I am going to go mad, Furvain thought.
At some point during nearly every one of these nightly sessions of poetic discourse Kasinibon would press Furvain to recite some of his own work. Furvain could no longer claim, as he had on the first day, that he was too tired to comply. Nor could he pretend very plausibly that he had forgotten every poem he had ever written. So in the end he yielded and offered a few. Kasinibon’s applause was hearty in the extreme, and seemed unfeigned. And he spoke at great length in praise not just of Furvain’s elegance of phrasing but also of his insight into human nature. Which was all the more embarrassing; Furvain himself was abashed by the triviality of his themes and the glibness of his technique; it took every ounce of his aristocratic breeding to hold himself back from crying out, But don’t you see, Kasinibon, what hollow word-spinning that is! That would have been cruel, and discourteous besides. Both men now had entered into a pretense of friendship, which might not even have been a pretense on Kasinibon’s part.
One may not call one’s friend a fool to his face, Furvain thought, and expect him to go on being one’s friend.
The worst part of all was Kasinibon’s unfeigned eagerness to have Furvain write something new, and important, while a guest under his roof. There had been nothing playful about that wistfully expressed hope of his that Furvain would bring into being here some masterpiece that would forever link his name and Kasinibon’s in the archives of poetry. Behind that wistfulness, Furvain sensed, lay ferocious need.

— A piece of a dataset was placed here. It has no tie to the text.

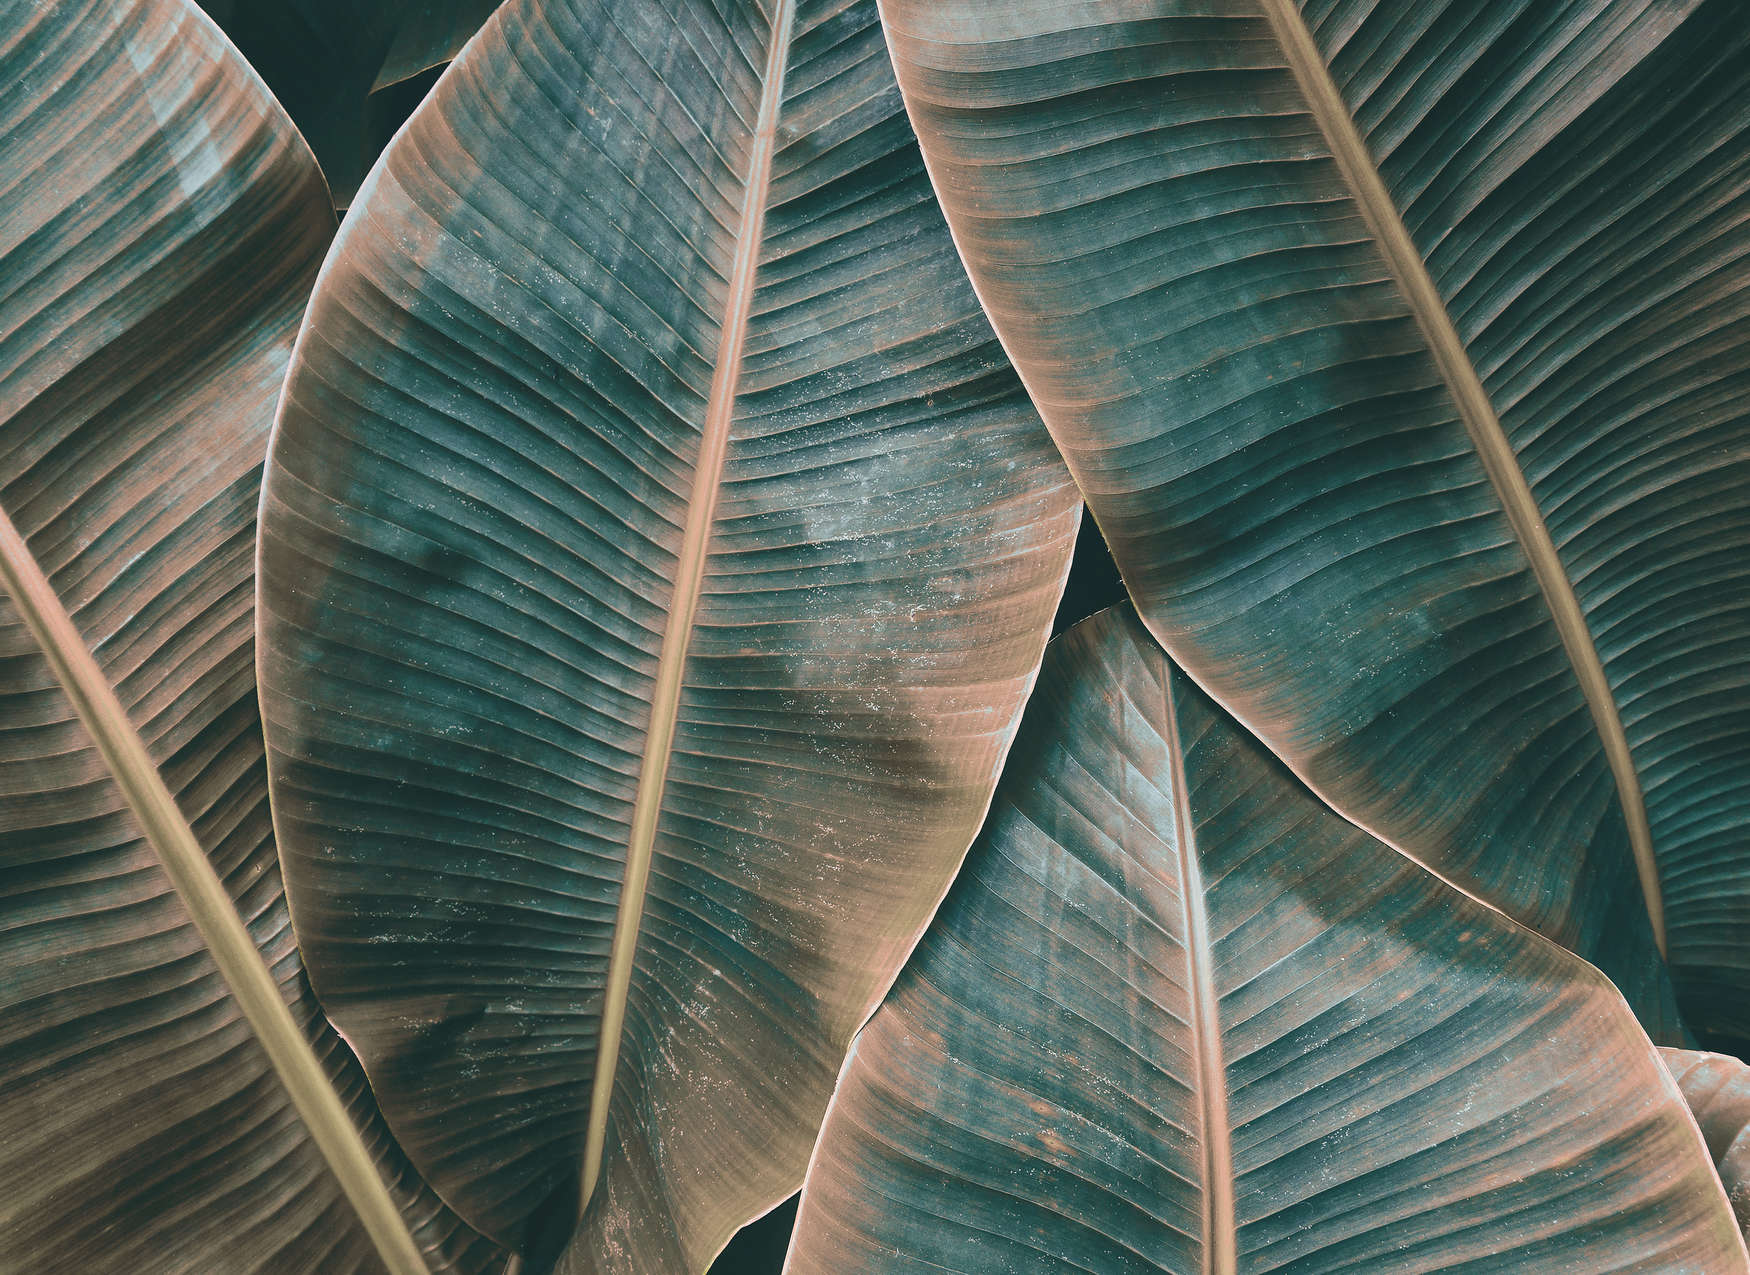             Dschungel Fototapete mit Bananenblättern – Grün, Braun

He suspected that matters would not always remain so amiable here: that indirection would turn to blunt insistence, that Kasinibon would squeeze him and squeeze him until Furvain brought forth the major work that Kasinibon so hungrily yearned to usher into existence. Furvain replied evasively to each of Kasinibon’s inquiries about new work, explaining, truthfully enough, that inspiration was still denied to him. But there was a mounting intensity to Kasinibon’s demands.
The question of ransom, which Furvain had continued to push aside, needed to be squarely faced.
Furvain saw that he could not remain here much longer without undergoing some kind of inner explosion.
But the only way he was going to get out of this place, he knew, was with the help of someone else’s money. Was there anyone in the world willing to put up money to rescue him? He suspected he knew the answer to that, but shied away from confirming his fears. Still, if he never so much as asked, he would spend the remaining days of his life listening to Master Kasinibon’s solemn, worshipful readings of the worst poetry human mind had ever conceived, and fending off Kasinibon’s insistence that Furvain write for him some poem of a grandeur and majesty that was not within Furvain’s abilities to produce.
“How much, would you say, should I ask as the price of my freedom?” Furvain asked one day, as they rode together beside the shore of the scarlet sea.
Kasinibon told him. It was a stupendous sum, more than twice Furvain’s own highest guess. But he had asked, and Kasinibon had answered, and he was in no position to haggle with the bandit over the amount.
Duke Tanigel, he supposed, was the first one he should try. Furvain knew that his brothers were unlikely to care much whether he stayed here forever or not. His father might take a gentler position, but his father was far away in the Labyrinth, and appealing to the Pontifex carried other risks, too, for if it came to pass that a Pontifical army were dispatched to Barbirike to rescue the captive prince, Kasinibon might react in some unpleasant and possibly fatal way. The same risk would apply if Furvain were to turn to the new Coronal, Lord Hunzimar. Strictly speaking, it was the Coronal’s responsibility to deal with such matters as banditry in the outback. But that was exactly what Furvain was afraid of, that Hunzimar would send troops out here to teach Kasinibon a lesson, a lesson that might have ugly consequences for Kasinibon’s prisoner. Even more probably, Hunzimar, who had never shown much affection for any of his predecessor’s sons, would do nothing at all. No, Tanigel was his only hope, faint though that hope might be.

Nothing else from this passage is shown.